Copyright ©
Mindbreeze GmbH, A-4020 Linz, 06.12.2024.
All rights reserved. All hardware and software names used are trade names and/or trademarks of the respective manufacturers.
These documents are strictly confidential. The transmission and presentation of these documents alone does not establish any rights to our software, our services and service results or other protected rights.
Passing on, publication or duplication is not permitted.
For reasons of easier readability, gender-specific differentiation, e.g. users, is not used. Corresponding terms apply to both genders in the interests of equal treatment.
This document deals with the Mindbreeze Web API for generating chat completions using RAG pipelines.
Generate requests are sent as HTTP POST requests to a client service. The path for Generate requests is the following:
<Client Service>/api/chat/v1beta/generate
A JSON document describing the Generate request is sent in the body of the HTTP request. The structure of this JSON document is described in the section "Request Fields".
Events (stream) sent by the server are also received as a response. The format is described in the chapter "Response Fields".
An OpenAPI specification of the API is also available. More detailed instructions can be found here: OpenAPI Interface Description .

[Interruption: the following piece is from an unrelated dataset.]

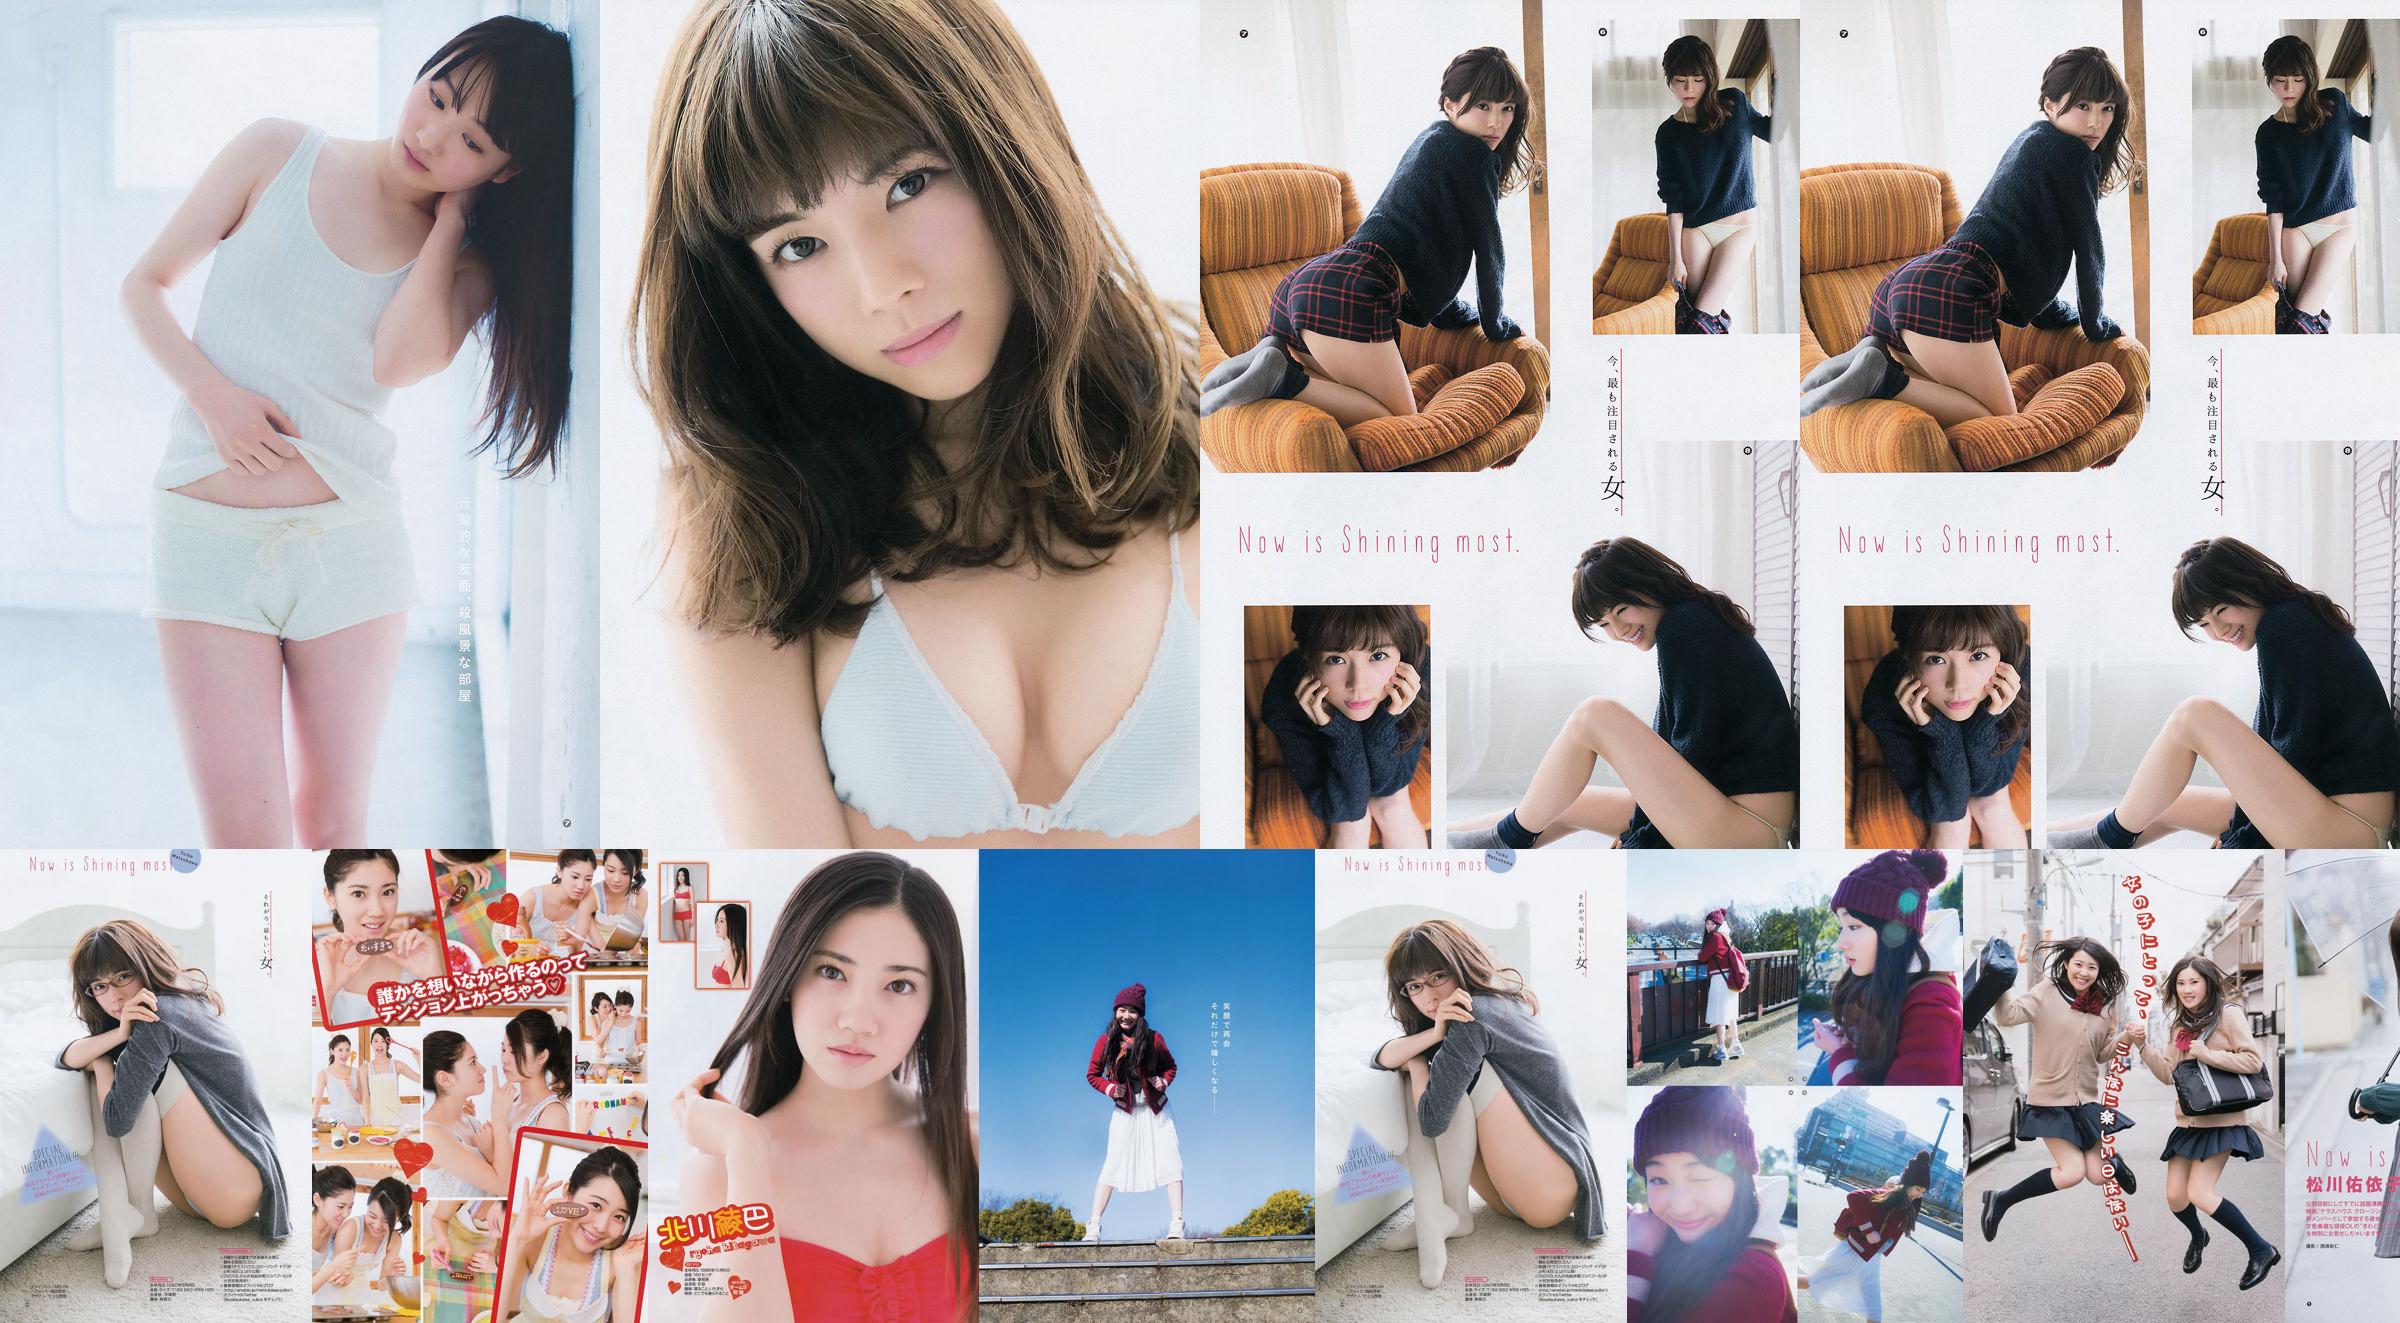 [Young Gangan] Ryoha Kitagawa Ami Miyamae Yuiko Matsukawa Narumi Akizuki 2015 nr. 04 foto No.93947c Pagina 1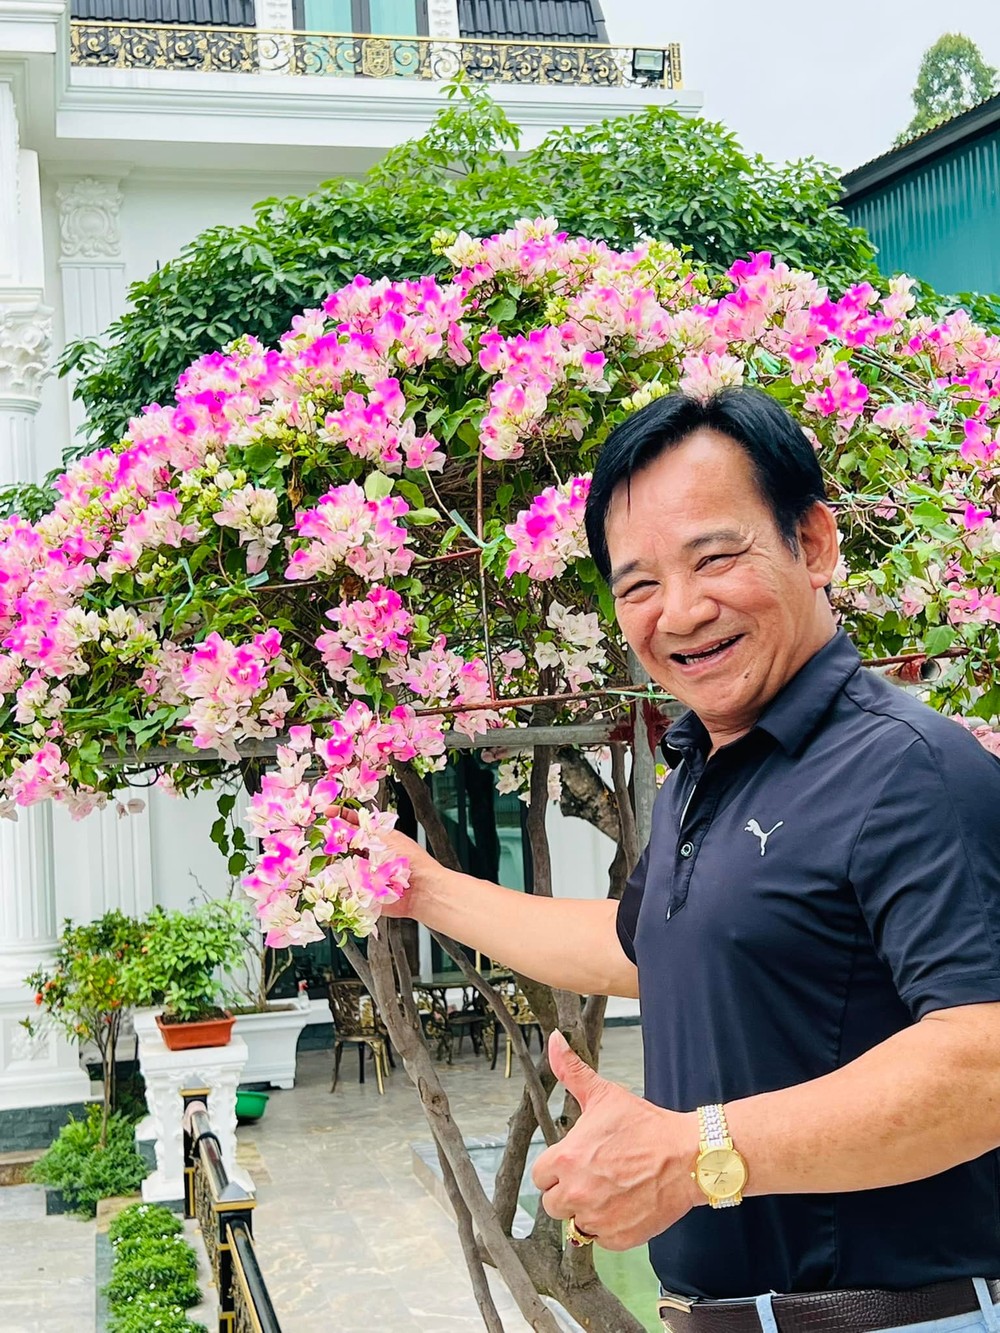 NSƯT Quang Tèo ở tuổi 60: Cuộc sống viên mãn, bận rộn những ngày giáp Tết - Ảnh 1.

id (optional) | Identifier of the request (optional). This ID is shown in app.telemetry. Type: String |
inputs | Input text for the Generate request. Type: String |
stream | Controls whether the generation is streamed. Default: true Type: Boolean |
model_id | ID of the RAG pipeline to be used. Type: String |
messages | Conversation history (optional). See the chapter messages [List]. |
parameters | Generation parameters (optional). See the chapter parameters. |
prompt_dictionary | Additional values of the prompt template (optional). See the chapter prompt dictionary. |
retrieval_options | Additional search restrictions (optional). See the chapter retrieval_options. |
generation_options | Additional setting options for the generation (optional). For more information, see the chapter generation_options. |
{
"inputs": "Who is the CEO of Mindbreeze?",
"stream": false,
"model_id": "3a0e8612-a24f-4b16-93cc-aa6307d0c62b",
"retrieval_options": {
"constraint": {
"unparsed": "title:management"
}
}
}
The API is stateless. To use the Generate Endpoint for chat applications, a chat history can optionally be specified as a list of messages. The "Use chat history" option must also be activated in the pipeline for this.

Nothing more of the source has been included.